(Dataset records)
-=-=-=-=-

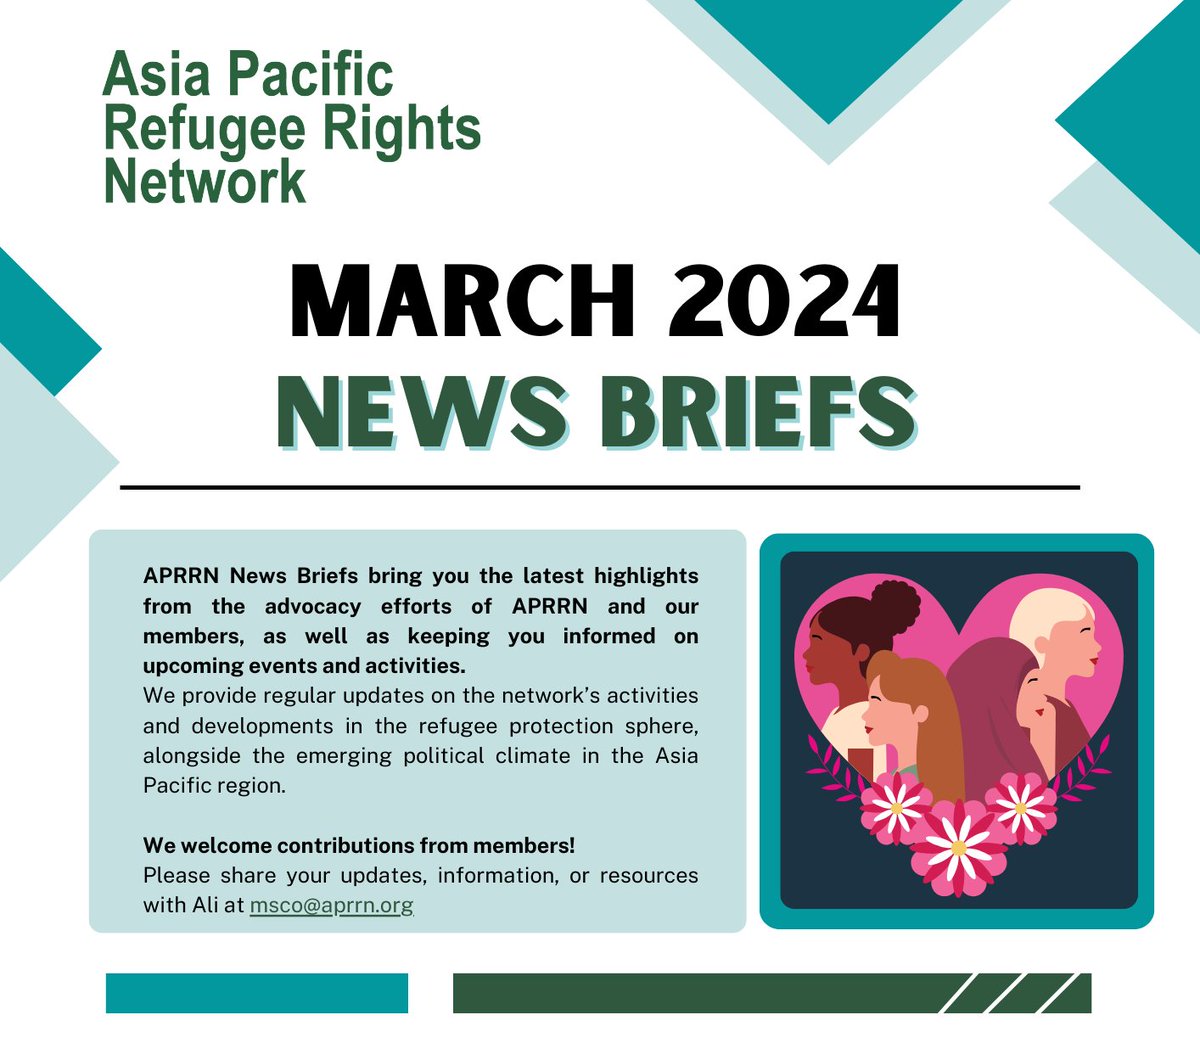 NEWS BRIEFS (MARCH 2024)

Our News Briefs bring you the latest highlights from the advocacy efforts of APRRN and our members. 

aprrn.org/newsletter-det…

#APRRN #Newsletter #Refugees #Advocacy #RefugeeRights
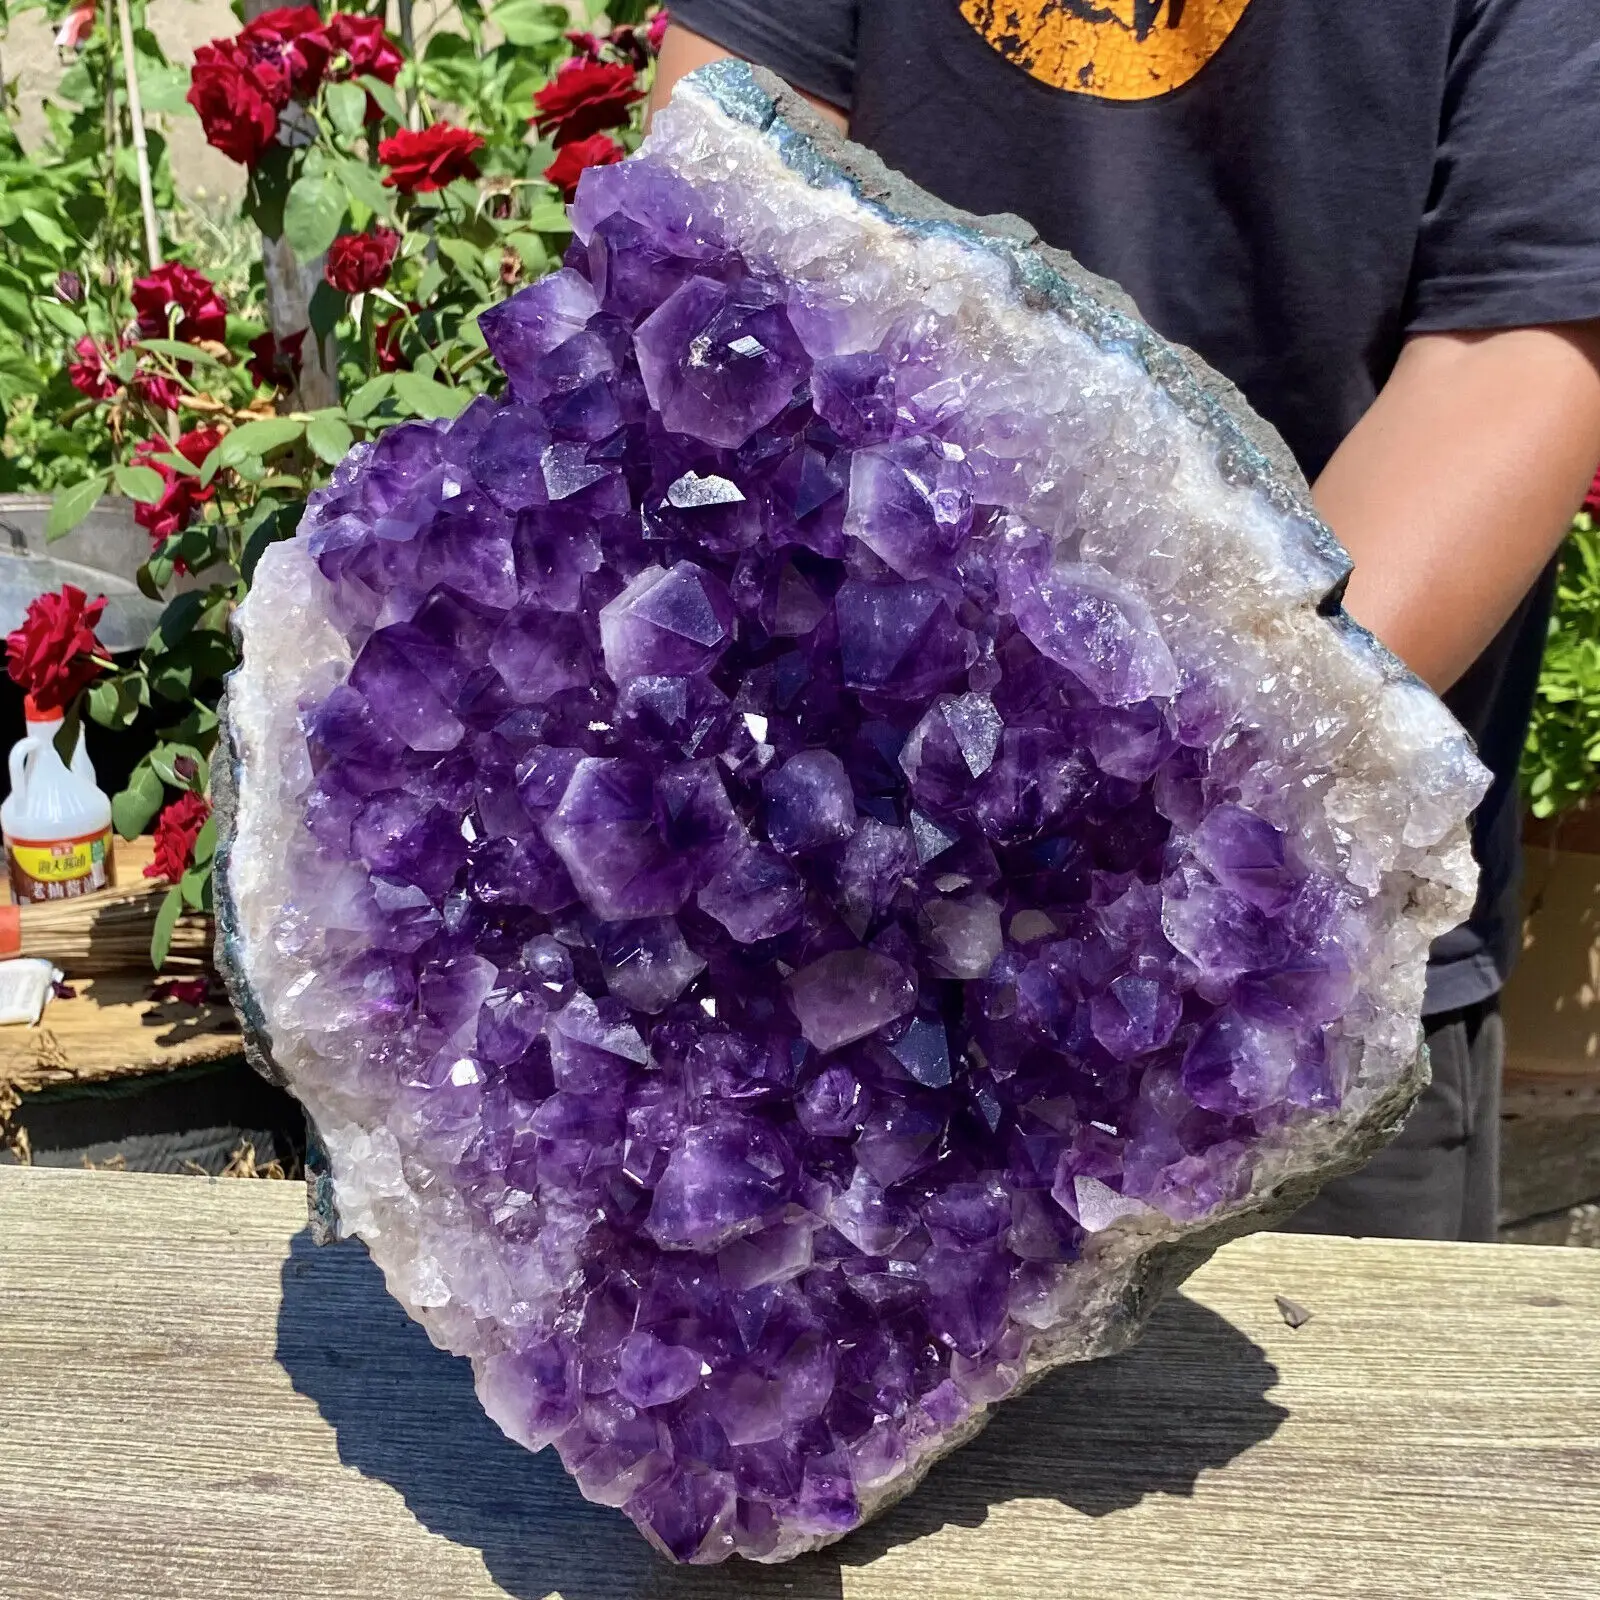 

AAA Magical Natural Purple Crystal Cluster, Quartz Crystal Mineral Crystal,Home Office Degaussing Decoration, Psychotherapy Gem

-=-=-=-=-

* **Exercise details**: Copy the entries above verbatim. Pictures do not belong in the copy.

* **Result of this task**:
 NEWS BRIEFS (MARCH 2024)

Our News Briefs bring you the latest highlights from the advocacy efforts of APRRN and our members. 

aprrn.org/newsletter-det…

#APRRN #Newsletter #Refugees #Advocacy #RefugeeRights

AAA Magical Natural Purple Crystal Cluster, Quartz Crystal Mineral Crystal,Home Office Degaussing Decoration, Psychotherapy Gem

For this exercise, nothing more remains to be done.